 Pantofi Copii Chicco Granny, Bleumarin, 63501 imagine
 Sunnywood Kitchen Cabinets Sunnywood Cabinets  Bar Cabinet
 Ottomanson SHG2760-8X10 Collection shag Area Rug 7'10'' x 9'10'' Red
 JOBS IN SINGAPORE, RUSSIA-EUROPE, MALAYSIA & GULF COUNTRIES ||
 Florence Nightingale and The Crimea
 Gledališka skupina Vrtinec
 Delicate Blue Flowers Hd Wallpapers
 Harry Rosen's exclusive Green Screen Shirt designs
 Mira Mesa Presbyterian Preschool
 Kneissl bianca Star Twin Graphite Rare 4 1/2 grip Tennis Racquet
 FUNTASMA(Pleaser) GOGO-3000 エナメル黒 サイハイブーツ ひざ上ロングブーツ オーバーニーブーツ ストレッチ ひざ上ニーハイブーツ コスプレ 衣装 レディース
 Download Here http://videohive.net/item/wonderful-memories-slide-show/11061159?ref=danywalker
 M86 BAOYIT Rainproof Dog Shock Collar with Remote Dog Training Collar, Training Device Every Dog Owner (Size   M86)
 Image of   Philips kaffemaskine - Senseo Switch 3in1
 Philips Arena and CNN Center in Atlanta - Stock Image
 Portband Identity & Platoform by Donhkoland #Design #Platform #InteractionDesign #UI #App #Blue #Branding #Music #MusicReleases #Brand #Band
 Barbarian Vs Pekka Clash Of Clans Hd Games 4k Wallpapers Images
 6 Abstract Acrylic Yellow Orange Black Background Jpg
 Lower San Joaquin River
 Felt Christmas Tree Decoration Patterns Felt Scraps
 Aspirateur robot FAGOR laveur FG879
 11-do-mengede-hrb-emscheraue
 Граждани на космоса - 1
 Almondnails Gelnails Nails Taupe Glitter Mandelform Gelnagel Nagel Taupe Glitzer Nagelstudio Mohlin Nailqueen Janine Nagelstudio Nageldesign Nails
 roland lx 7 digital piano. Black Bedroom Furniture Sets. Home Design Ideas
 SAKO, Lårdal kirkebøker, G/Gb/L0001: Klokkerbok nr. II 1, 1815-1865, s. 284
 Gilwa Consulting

» Description of the task:
Copy every record verbatim.

» Exercise response:
 Pantofi Copii Chicco Granny, Bleumarin, 63501 imagine
 Sunnywood Kitchen Cabinets Sunnywood Cabinets  Bar Cabinet
 Ottomanson SHG2760-8X10 Collection shag Area Rug 7'10'' x 9'10'' Red
 JOBS IN SINGAPORE, RUSSIA-EUROPE, MALAYSIA & GULF COUNTRIES ||
 Florence Nightingale and The Crimea
 Gledališka skupina Vrtinec
 Delicate Blue Flowers Hd Wallpapers
 Harry Rosen's exclusive Green Screen Shirt designs
 Mira Mesa Presbyterian Preschool
 Kneissl bianca Star Twin Graphite Rare 4 1/2 grip Tennis Racquet
 FUNTASMA(Pleaser) GOGO-3000 エナメル黒 サイハイブーツ ひざ上ロングブーツ オーバーニーブーツ ストレッチ ひざ上ニーハイブーツ コスプレ 衣装 レディース
 Download Here http://videohive.net/item/wonderful-memories-slide-show/11061159?ref=danywalker
 M86 BAOYIT Rainproof Dog Shock Collar with Remote Dog Training Collar, Training Device Every Dog Owner (Size   M86)
 Image of   Philips kaffemaskine - Senseo Switch 3in1
 Philips Arena and CNN Center in Atlanta - Stock Image
 Portband Identity & Platoform by Donhkoland #Design #Platform #InteractionDesign #UI #App #Blue #Branding #Music #MusicReleases #Brand #Band
 Barbarian Vs Pekka Clash Of Clans Hd Games 4k Wallpapers Images
 6 Abstract Acrylic Yellow Orange Black Background Jpg
 Lower San Joaquin River
 Felt Christmas Tree Decoration Patterns Felt Scraps
 Aspirateur robot FAGOR laveur FG879
 11-do-mengede-hrb-emscheraue
 Граждани на космоса - 1
 Almondnails Gelnails Nails Taupe Glitter Mandelform Gelnagel Nagel Taupe Glitzer Nagelstudio Mohlin Nailqueen Janine Nagelstudio Nageldesign Nails
 roland lx 7 digital piano. Black Bedroom Furniture Sets. Home Design Ideas
 SAKO, Lårdal kirkebøker, G/Gb/L0001: Klokkerbok nr. II 1, 1815-1865, s. 284
 Gilwa Consulting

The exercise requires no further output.